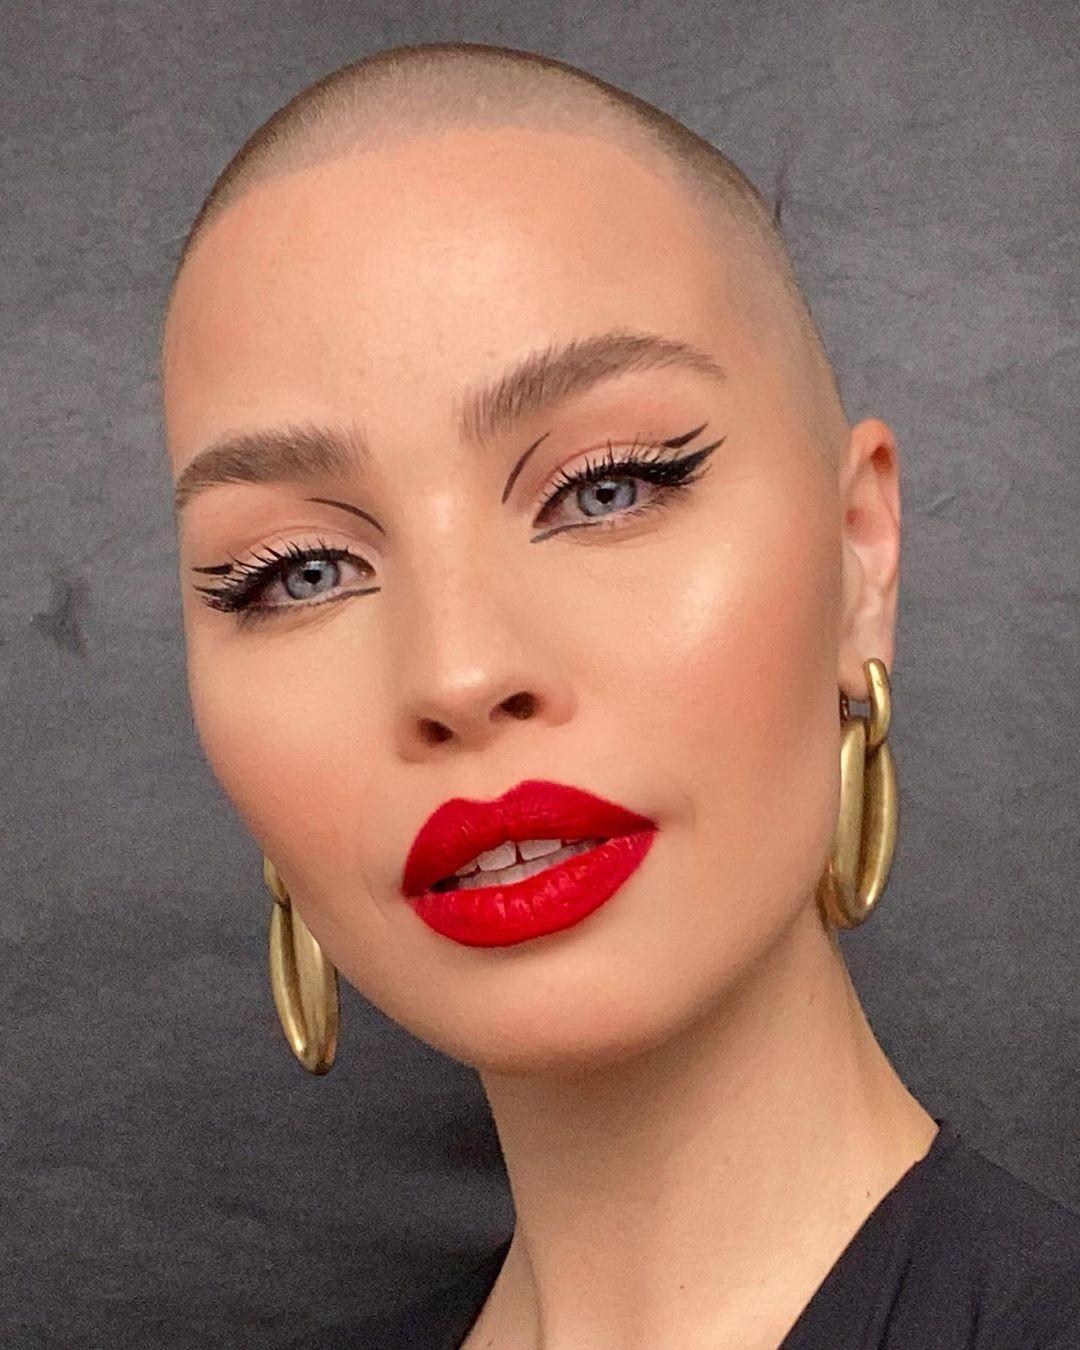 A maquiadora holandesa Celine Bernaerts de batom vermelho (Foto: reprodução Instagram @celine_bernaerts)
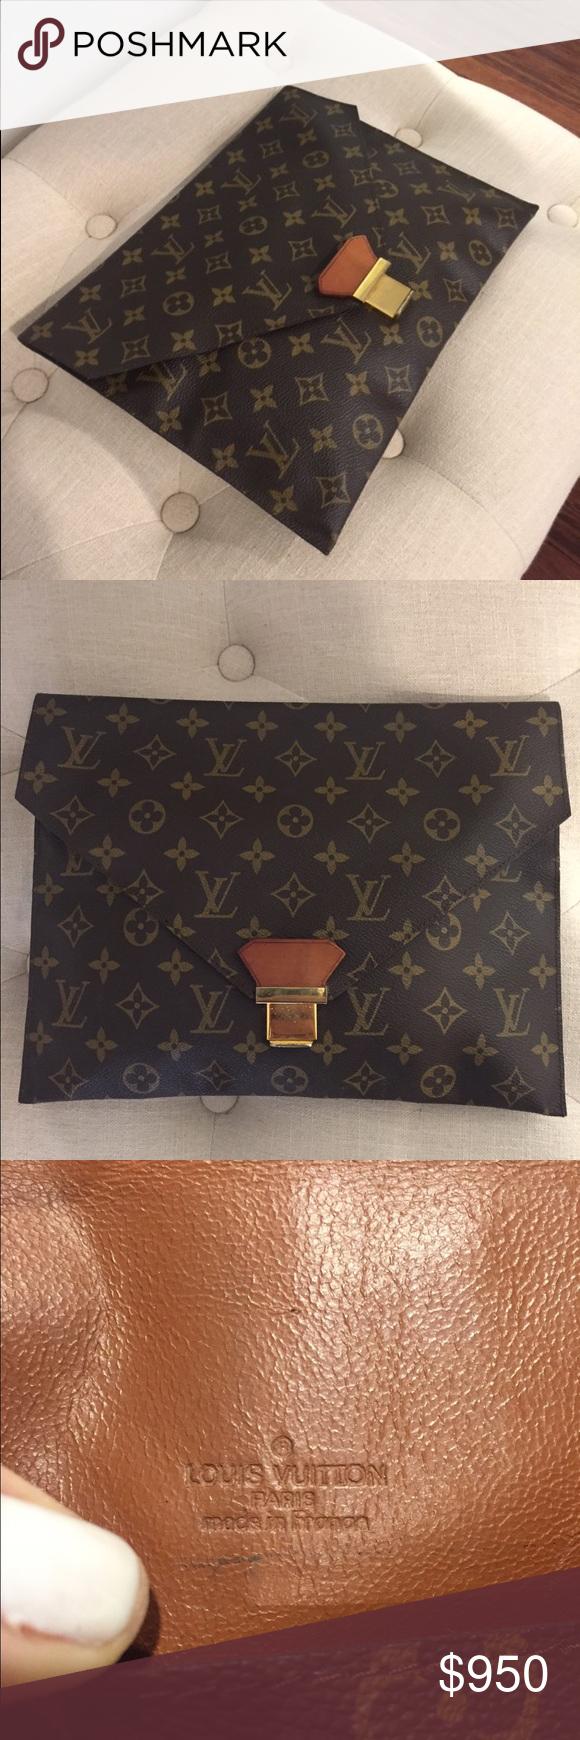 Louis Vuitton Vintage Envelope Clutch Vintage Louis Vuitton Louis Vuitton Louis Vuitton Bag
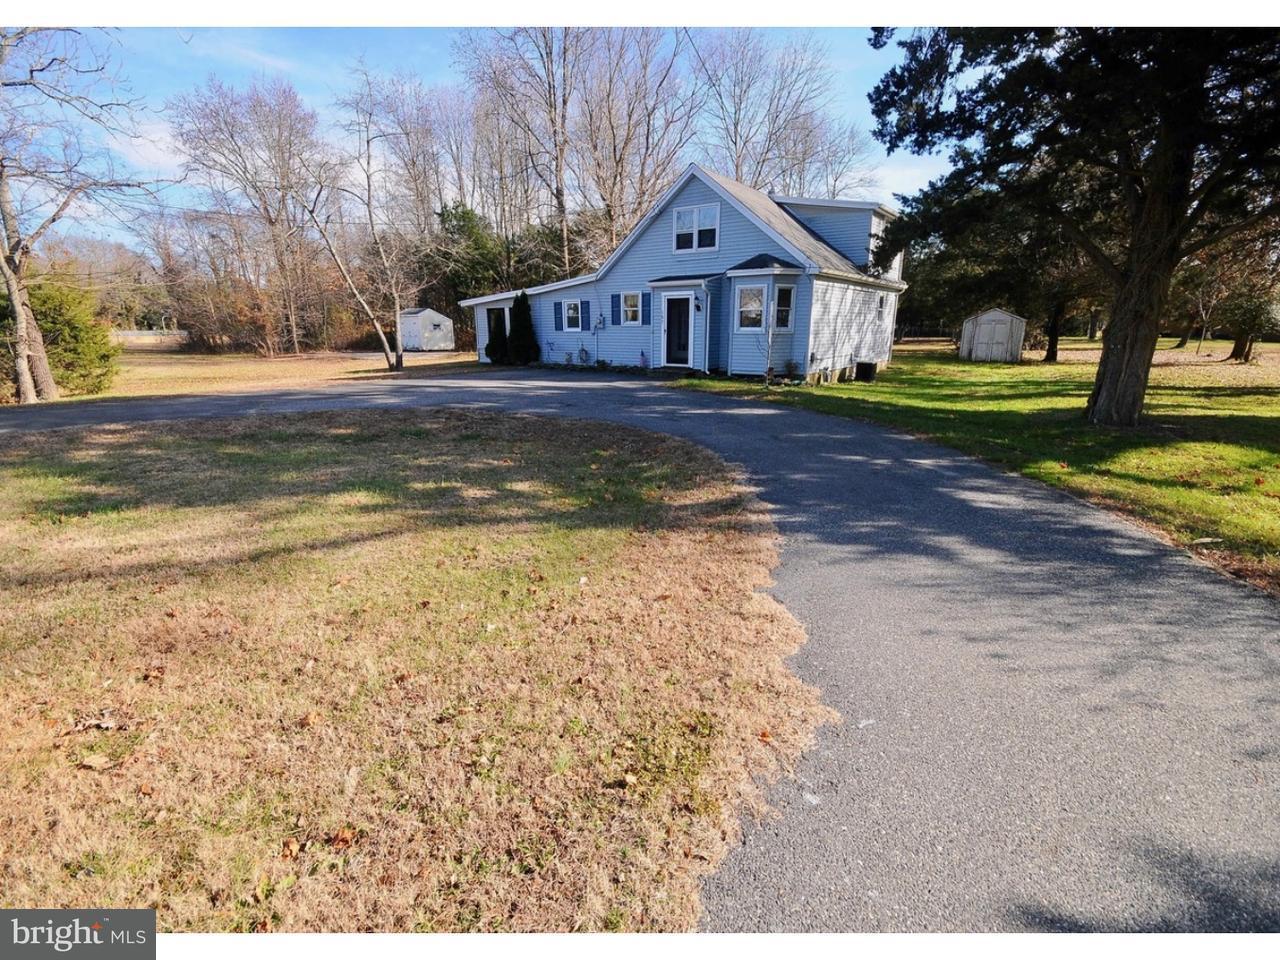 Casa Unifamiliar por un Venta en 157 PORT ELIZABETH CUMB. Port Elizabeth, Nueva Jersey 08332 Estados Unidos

### WHAT THE EXERCISE ASKS
In the copy, keep every line of the data above exactly and drop each picture.

### ANSWER BOX
 A maquiadora holandesa Celine Bernaerts de batom vermelho (Foto: reprodução Instagram @celine_bernaerts)
 Louis Vuitton Vintage Envelope Clutch Vintage Louis Vuitton Louis Vuitton Louis Vuitton Bag
 Casa Unifamiliar por un Venta en 157 PORT ELIZABETH CUMB. Port Elizabeth, Nueva Jersey 08332 Estados Unidos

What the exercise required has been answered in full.